Output only the lines from the one holding "Sheriff Chad Chronister" to the end of the data below, please, copied exactly.

■ **EXERCISE DATA**:
#####

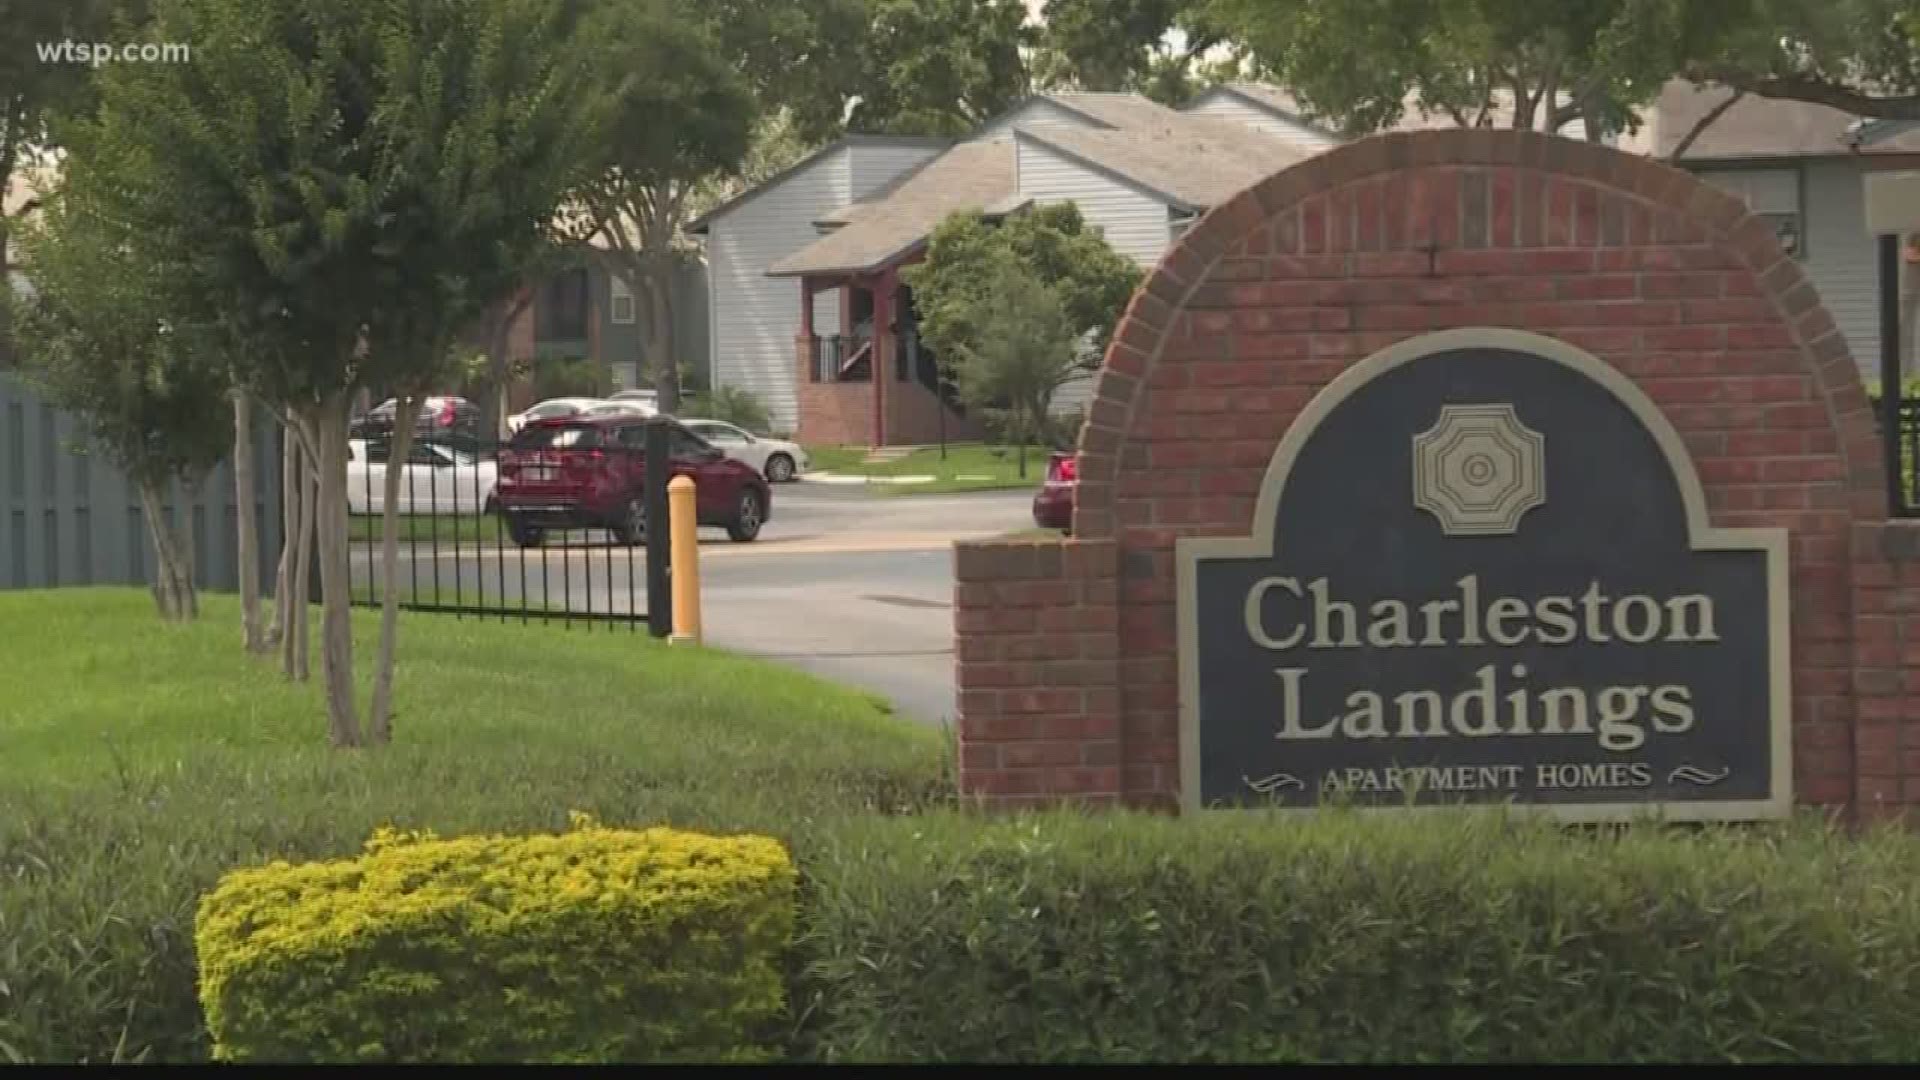 Hillsborough County deputies continue to investigate after a mother of four children was found dead at a Brandon apartment complex Tuesday afternoon.

Sheriff Chad Chronister says the sheriff's office received a 911 call around 12:25 p.m. from a witness who advised she heard about a boyfriend who harmed his girlfriend.

"She said she believed that she was dead, but wasn't sure if she was dead or not," Chronister said during a press conference. 

After checking several locations, deputies found a 25-year-old female victim, Chronister said, adding that the victim had succumbed to her injuries "as a result of this family violence incident."

#####

■ **WRITTEN RESPONSE**:
Sheriff Chad Chronister says the sheriff's office received a 911 call around 12:25 p.m. from a witness who advised she heard about a boyfriend who harmed his girlfriend.

"She said she believed that she was dead, but wasn't sure if she was dead or not," Chronister said during a press conference. 

After checking several locations, deputies found a 25-year-old female victim, Chronister said, adding that the victim had succumbed to her injuries "as a result of this family violence incident."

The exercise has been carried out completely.